Wednesday, November 21, 2007

Cruft and loathing in Java/Swing

Why am I writing a Swing app in 2007? That's what I'm asking myself. It's a conspiracy, I tell you, involving the dreaded secret society the FuglyPLAF Posse. Anyway, onward to more pissing and moaning...
Take the humble MouseEvent (alias java.awt.event.MouseEvent). The integer constants on MouseEvent include:
  • BUTTON1
  • BUTTON1_MASK
  • BUTTON1_DOWN_MASK
BUTTON1 is for use with the getButton() method, which (you'd think) might return the button being pressed when the event was generated. It actually does that on the Apple Java 5 JVM. On the Sun JVMs, apparently, getButton() returns the button "whose state has changed". If you're holding down a mouse button and dragging, getButton() lamely returns zero. Thanks for nothing.
BUTTON1_MASK is for use with getModifiers(). According to the JavaDocs, it's now recommended to use BUTTON1_DOWN_MASK which goes with getModifiersEx().

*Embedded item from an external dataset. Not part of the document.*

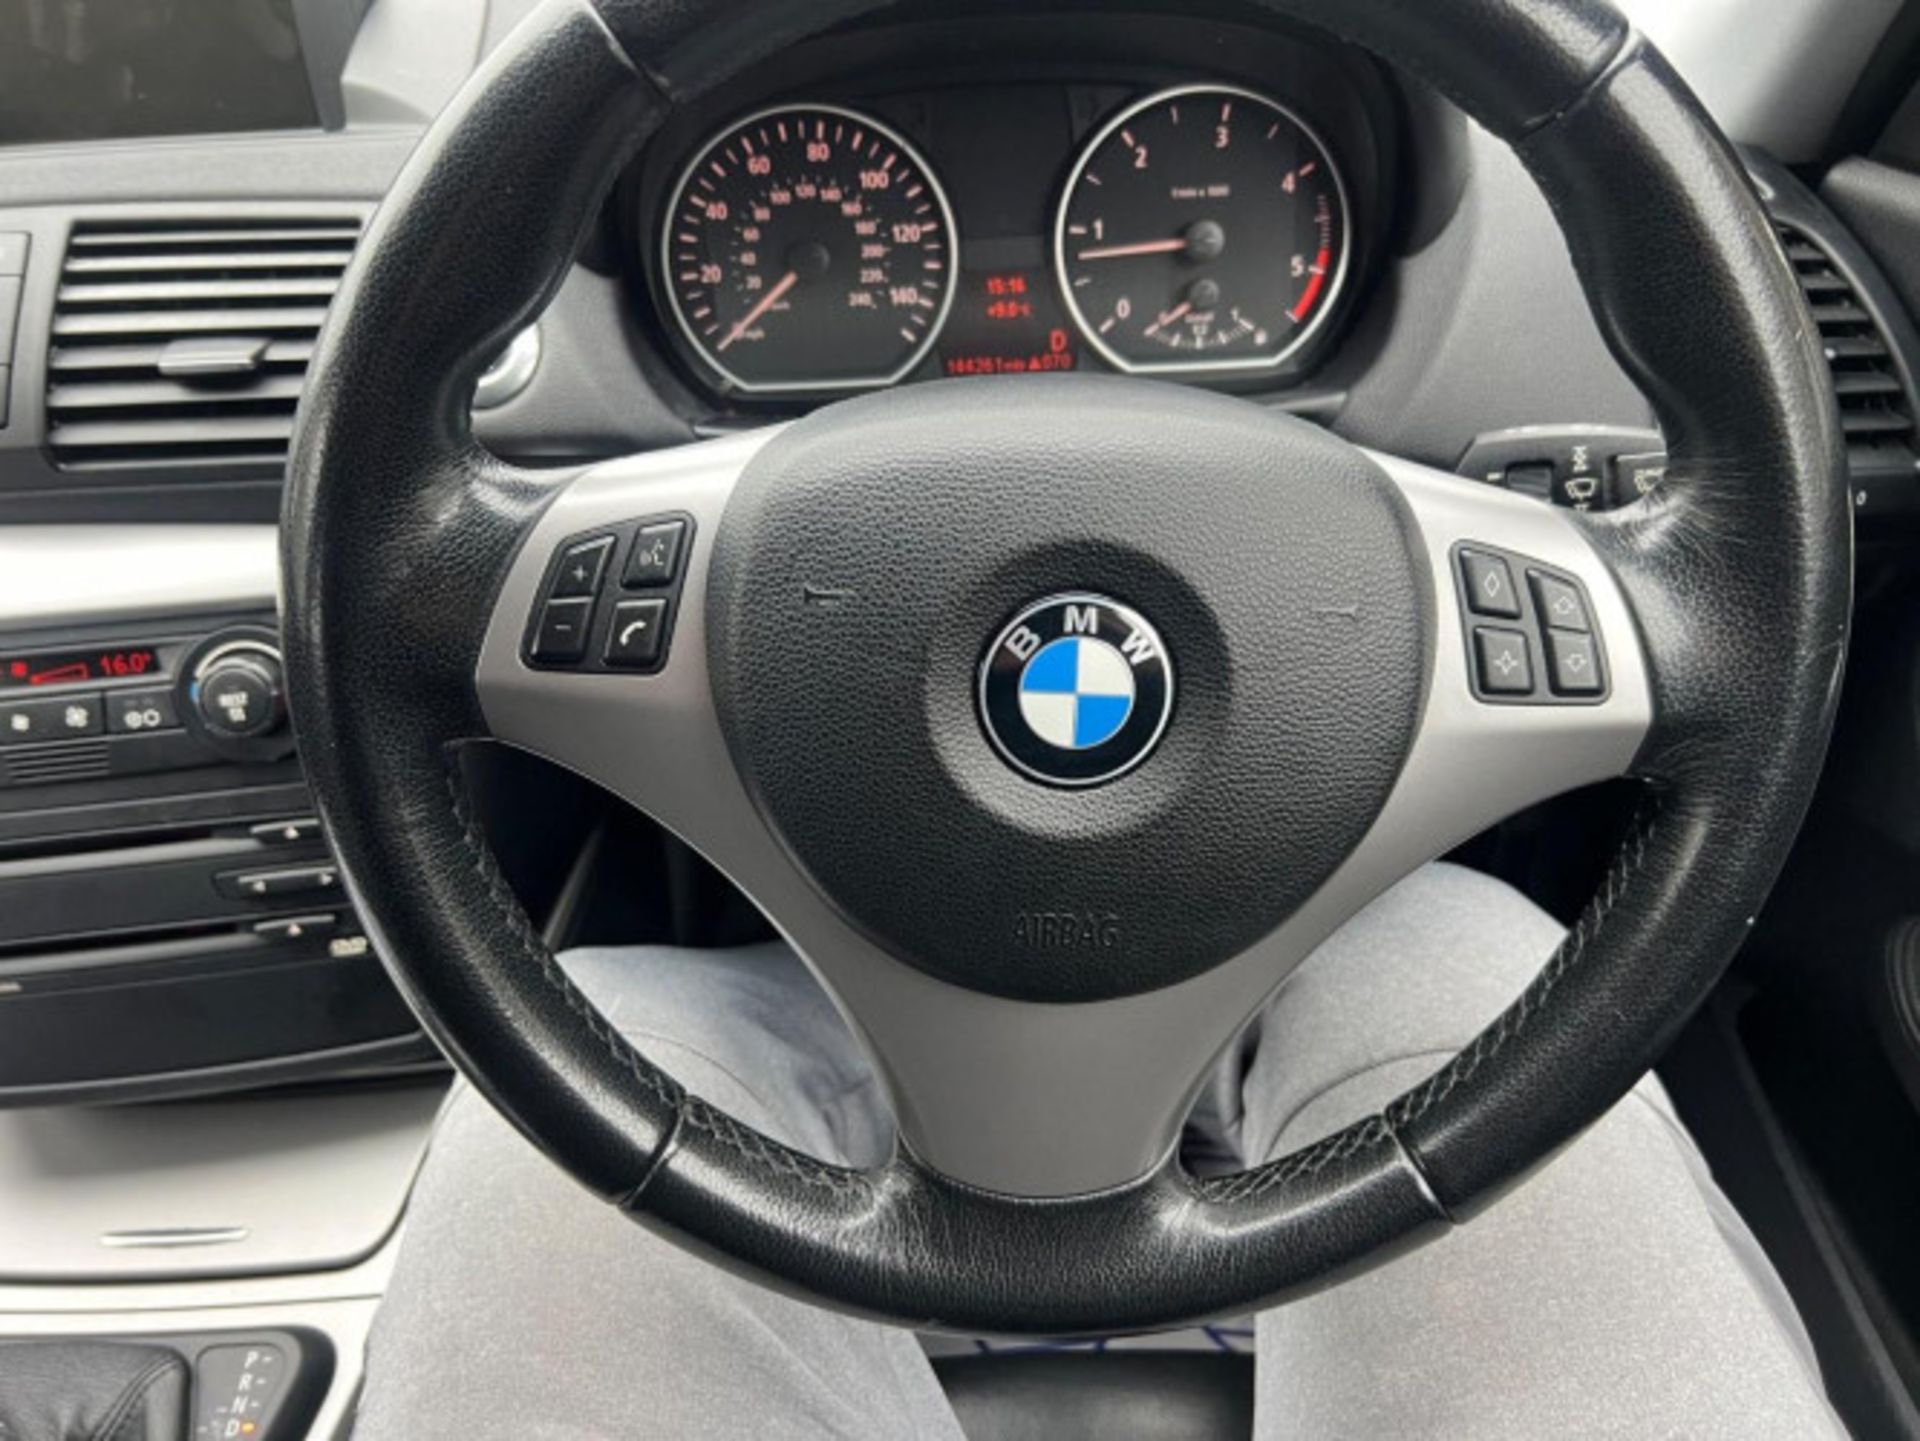 BMW 1 SERIES 2.0 120D SE STEPTRONIC - STYLE, PERFORMANCE >>--NO VAT ON HAMMER--<< - Image 67 of 91
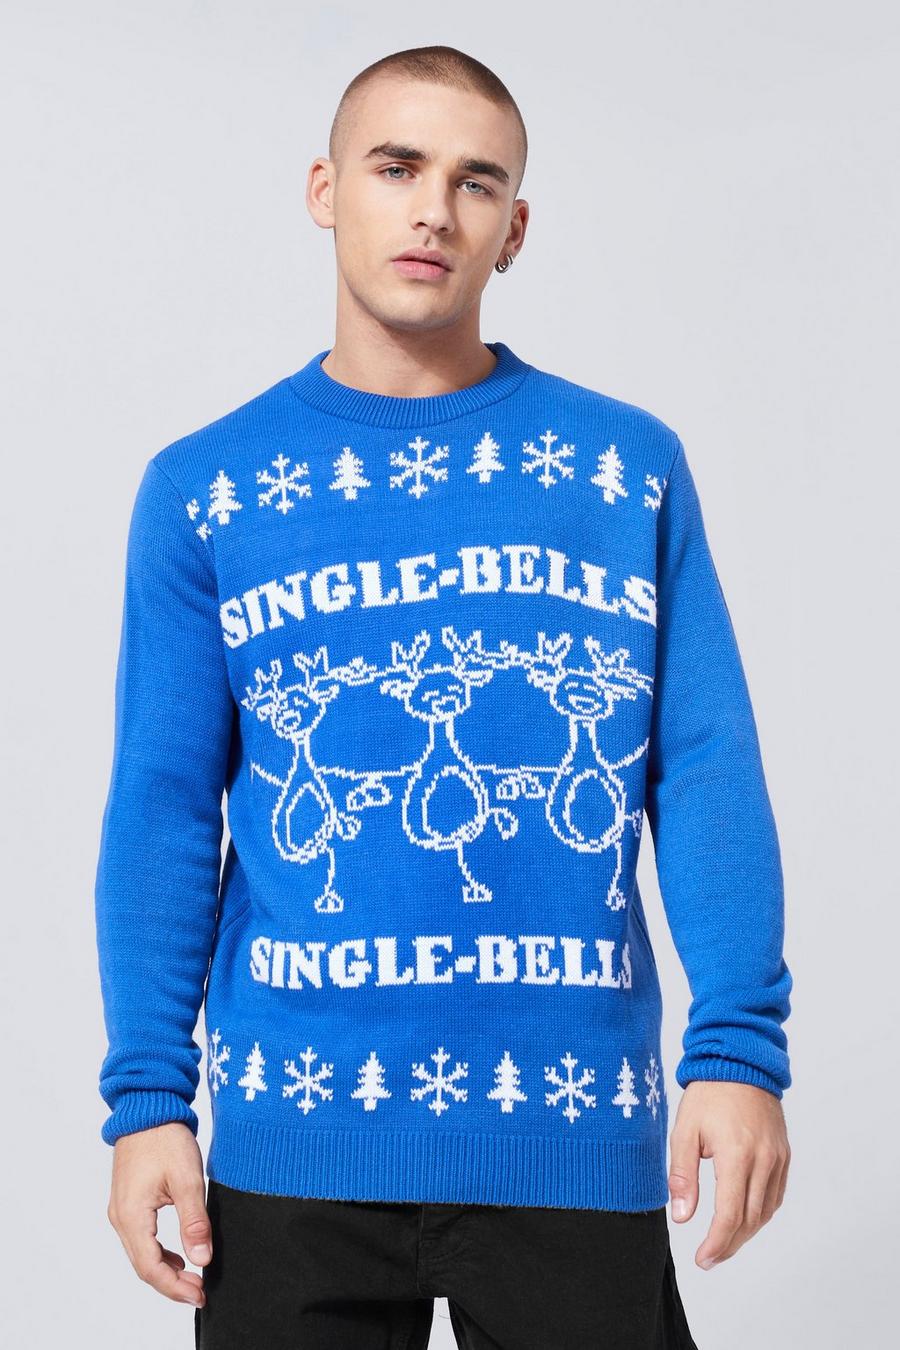 Maglione natalizio con slogan Single Bells, Navy azul marino image number 1

And, before you can say "Type-safe Enumeration", stop to ponder how many constants are needed to represent mouse buttons. How about none? Wouldn't a plain integer do just fine? How about a boolean function: event.buttonDown(int button)? OK, maybe it's useful to expose the bitmasking of the modifiers to the user, but the resulting mess argues that it would have been more useful not to.
Three different constants for a concept with all the complexity of mouse buttons? I sincerely hope someone was taken out and given an over-the-head turbo-wedgie for that one.